Other: Cameron (Compliance Manager), Delaney (Development Team Lead), Devon (DevOps Engineer), Sidney (Systems Administrator)
Our vision for dependency scanning is to provide the ability to scan application dependencies with as little user friction as possible.
Currently we notify developers when they add dependencies in these supported languages with known vulnerabilities in the GitLab Advisory Database, if security approvals are configured, we will require an approval for critical, high or unknown findings. A summary of all findings for a project can be found in the Security Dashboard where Security Teams can quickly check the security status of projects, and the Dependency List. For limited package managers, we are able to offer auto-remediation recommendations for the findings.
We recently added the ability to parse poetry.lock files in the 15.0 release. Additionally, in the 15.1 release, we added the ability to filter out NPM development dependencies.
For next steps, we plan to allow GitLab to continuously scan dependencies for known vulnerabilities by synchronously triggering a re-scan anytime either the project dependencies change or when the advisory database is updated. These plans can be tracked in more detail in this epic.
Once that is complete, we intend to shift our focus to add support for the latest formats, including adding support for yarn v2, yarn v3, and npm v3.
A full list of our near-term priorities is kept up-to-date on our open priorities issue.
Currently the dependency list view in GitLab is parsed from artifact files. Use of artifact files is not scalable long-term as a datastore, especially when introducing searching, grouping, filtering, and group/sub-group level dependency management. Consequently, our first priority is to store the dependency list in the database. This work is being done as part of our efforts to introduce continuous vulnerability scans.

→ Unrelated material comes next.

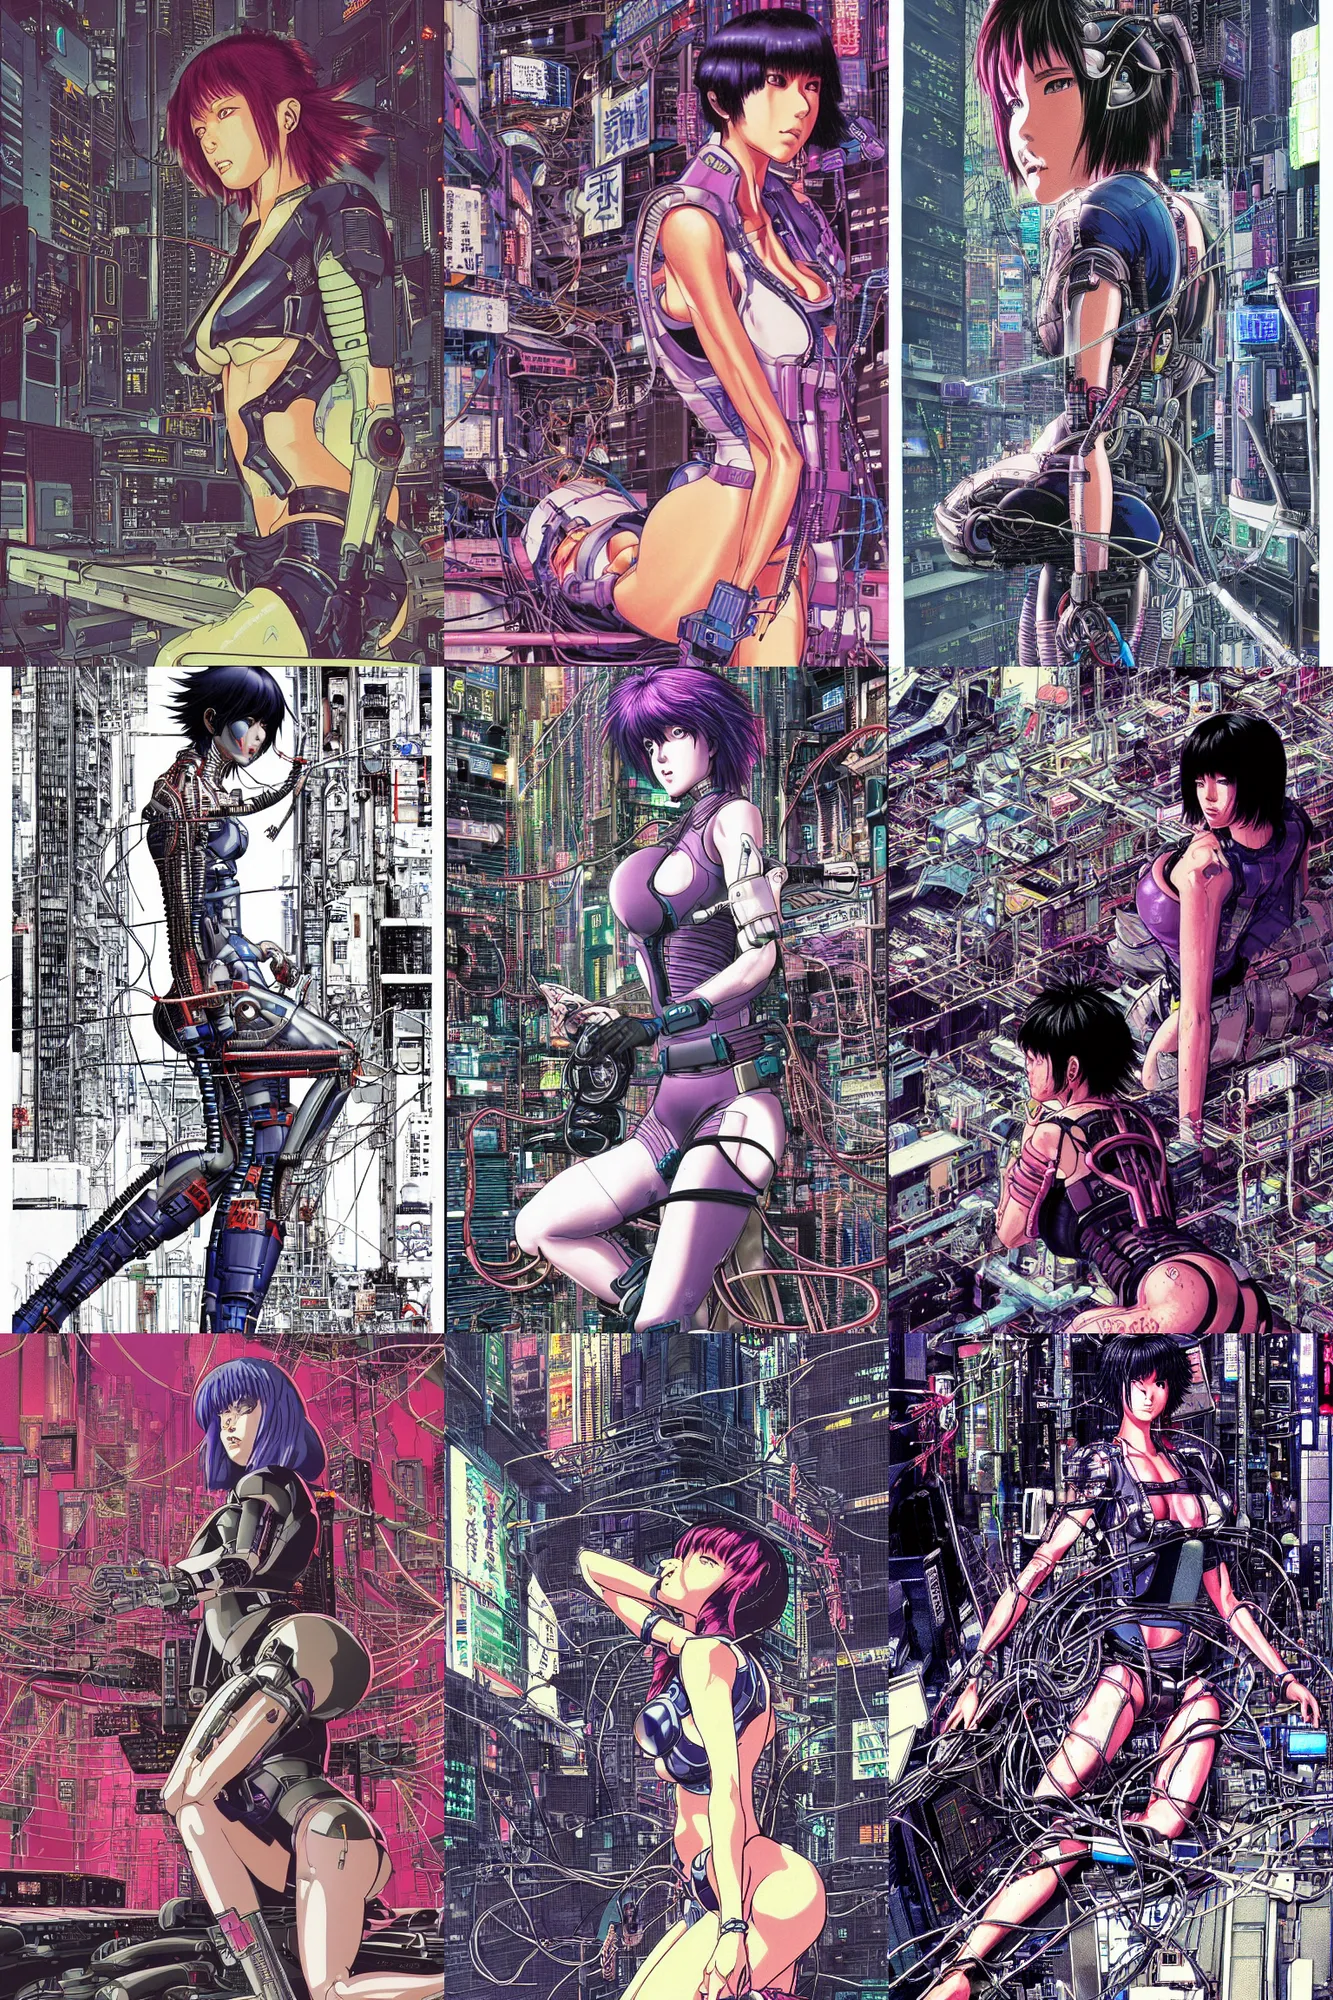 Prompt: an hyper-detailed cyberpunk illustration of motoko kusanagi kneeling on the floor in a tech labor, seen from the side with her body open showing cables and wires coming out, by masamune shirow, Yukito Kishiro and katsuhiro otomo, japan, 1980s, centered, colorful, ultra coherent

This category is currently at Viable maturity. A plan has been created for the category to progress to Complete maturity.
### User success metrics <!–
In addition to being A9 Using Components with Known Vulnerabilities in the OWASP top 10, keeping dependencies up to date is code quality issue, and finally as the need for software bill of materials (SBoM) grows being able to list your dependencies will become a needed feature for all application developers.
Dependency Scanning is frequently bundled together with Container Scanning and License Compliance to provide an overall Software Composition Analysis (SCA) solution within the Application Security Testing (AST) market. GitLab was recently named as a Challenger in the 2021 Magic Quadrant for Application Security Testing.